◆ Given material
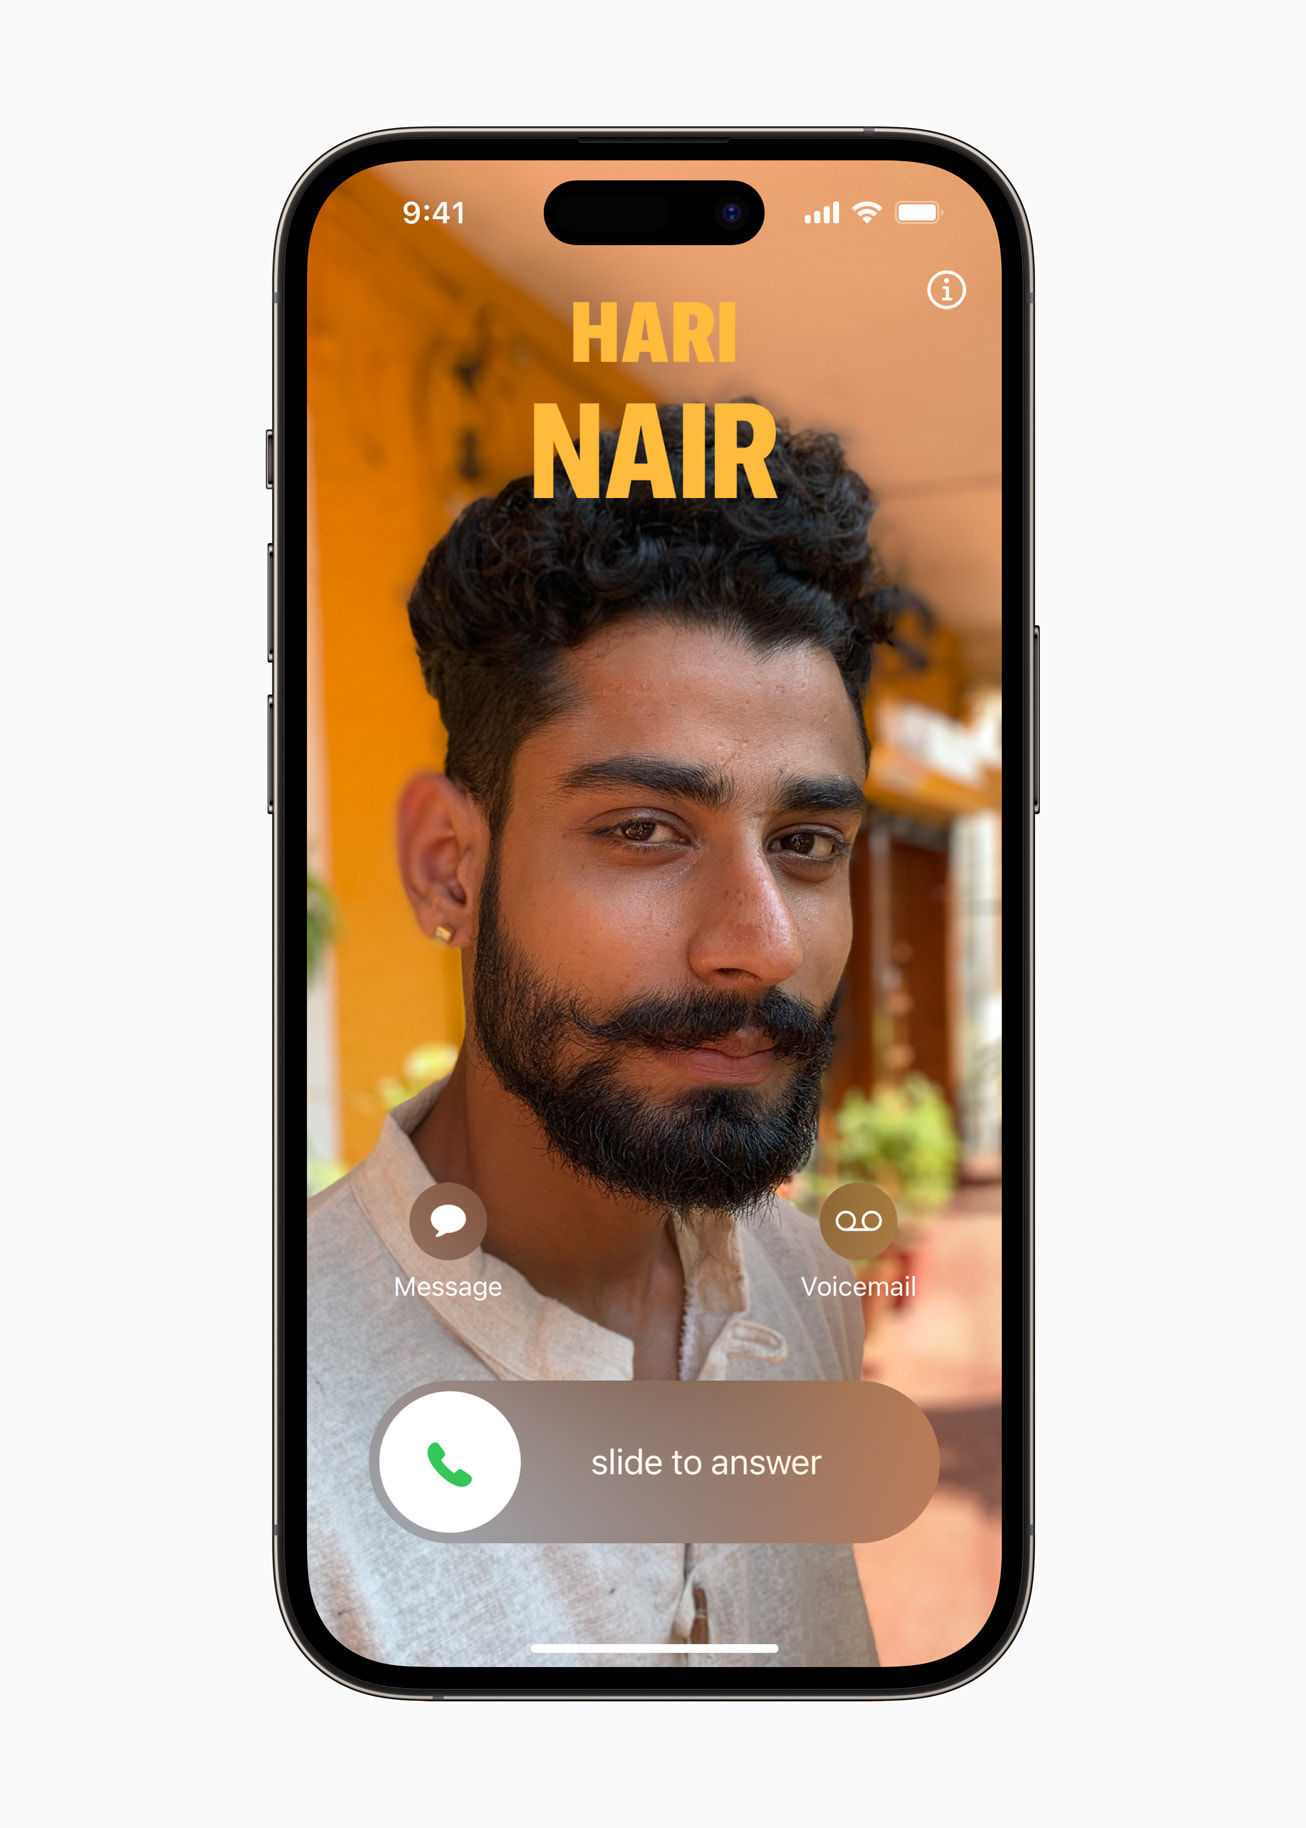 Personalized Contact Cards on iOS 17
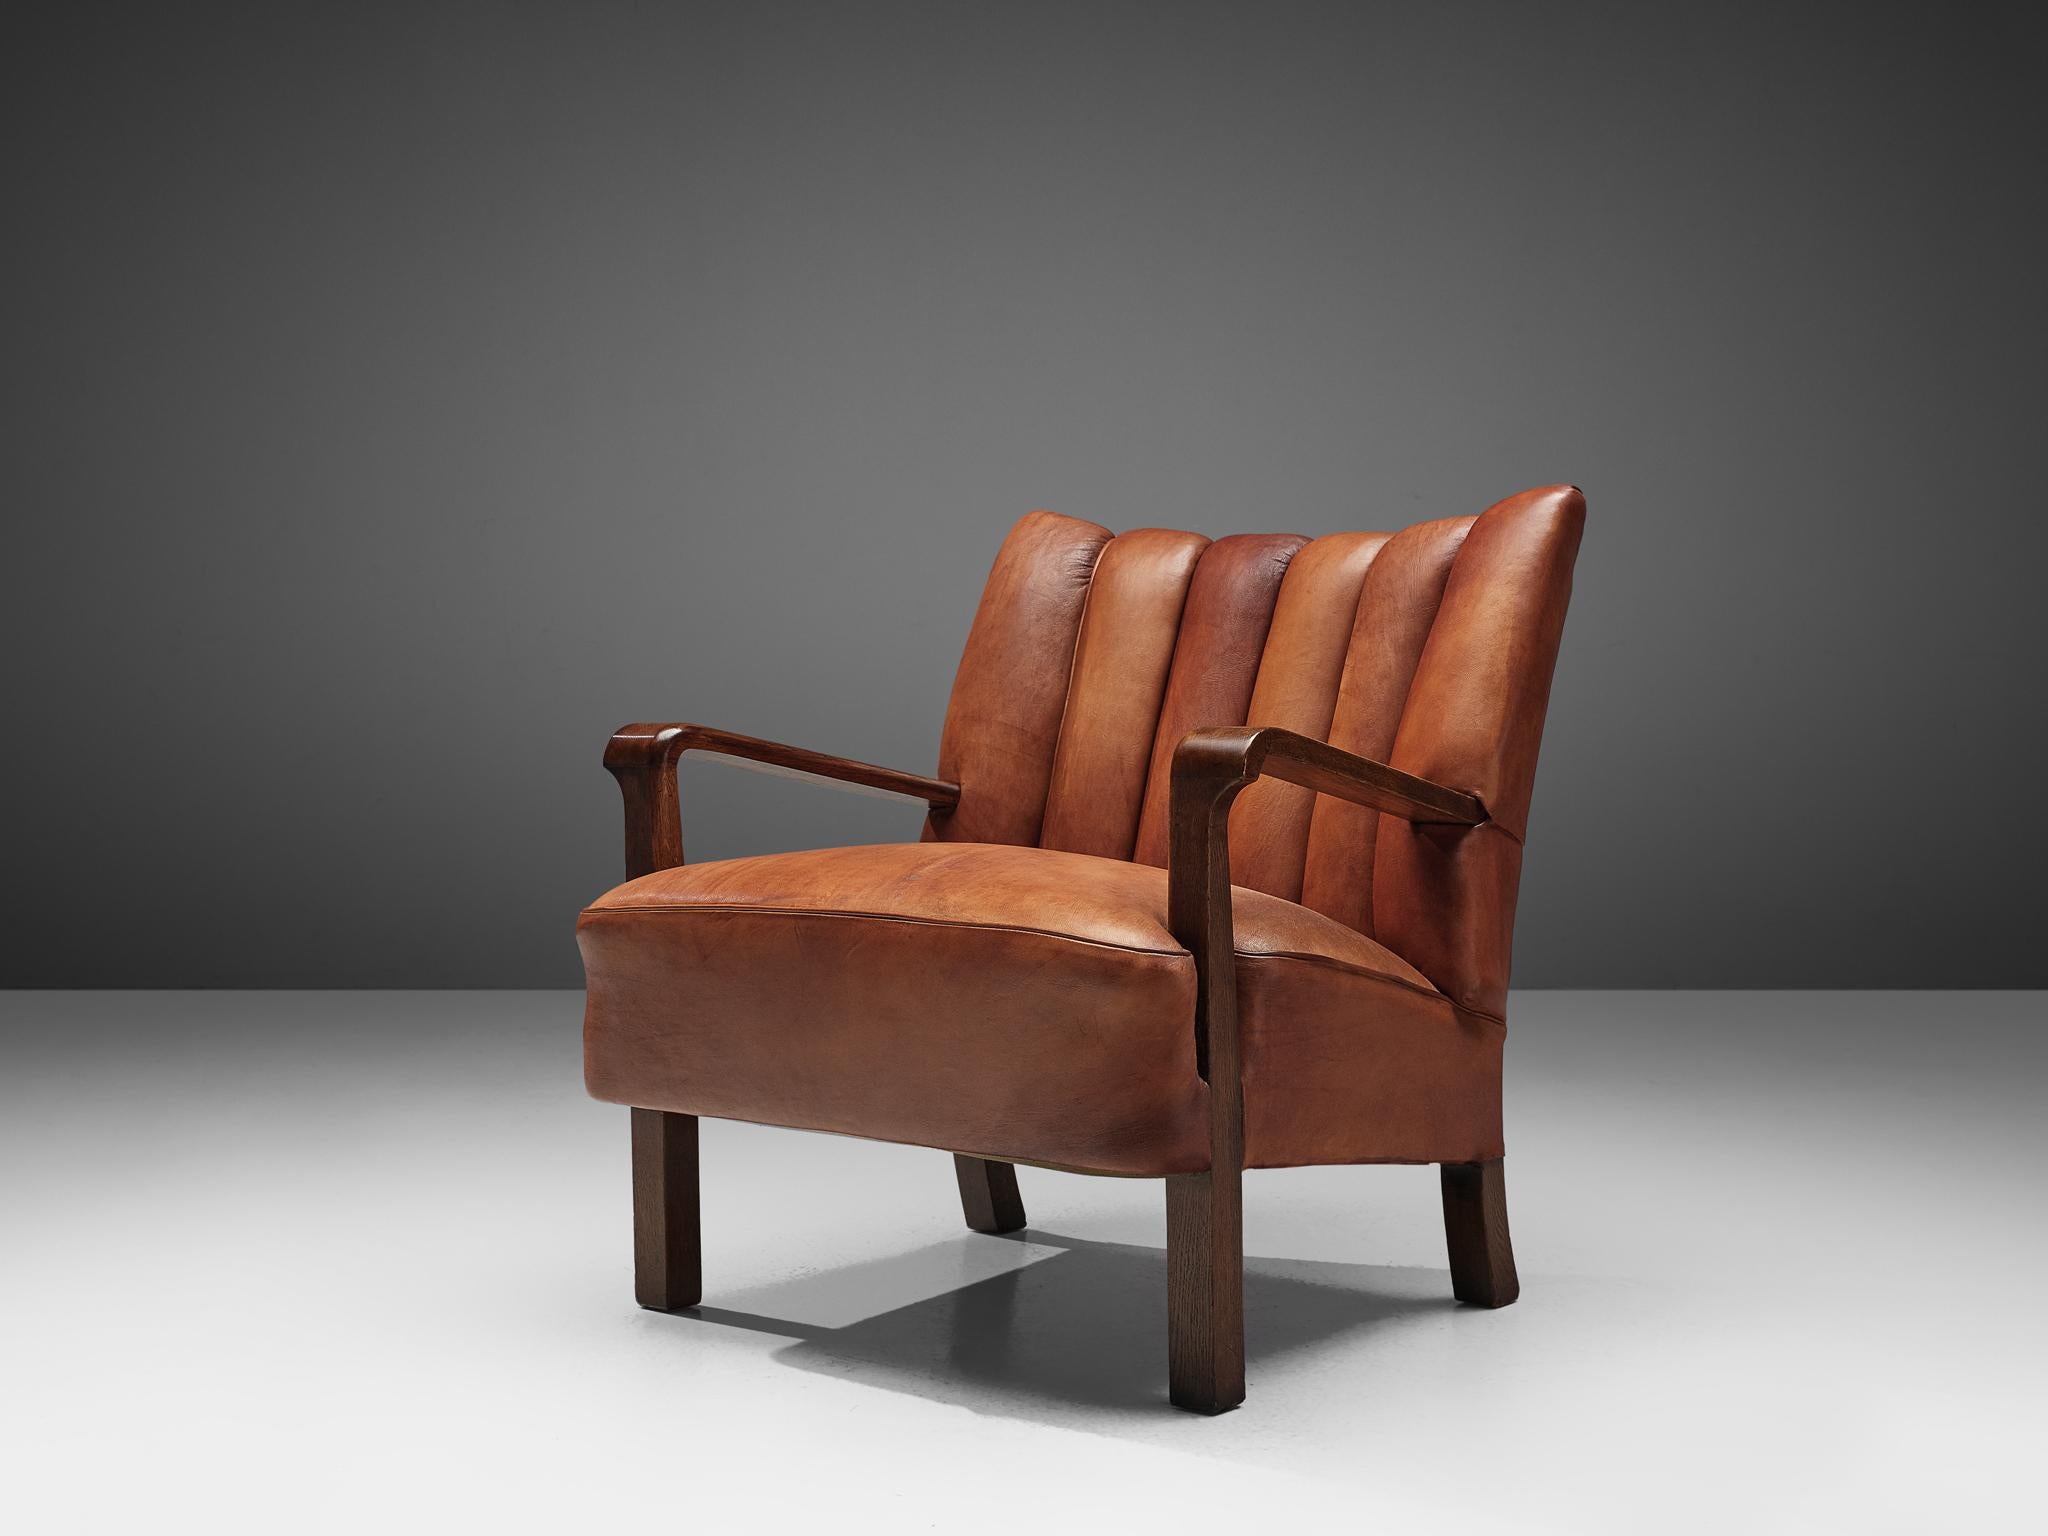 Acton Bjøn for cabinetmaker A.J. Iversen, armchair, Niger leather, patinated oak, Denmark, 1930s.

Early and rare lounge chair by Acton Bjørn in a beautiful cognac colored Niger leather with patinated oak armrest. Warm and inviting piece with a

◆ Task statement
Reproduce the material above exactly but drop all images.

◆ Exercise solution
 Personalized Contact Cards on iOS 17
 Acton Bjøn for cabinetmaker A.J. Iversen, armchair, Niger leather, patinated oak, Denmark, 1930s.

Early and rare lounge chair by Acton Bjørn in a beautiful cognac colored Niger leather with patinated oak armrest. Warm and inviting piece with a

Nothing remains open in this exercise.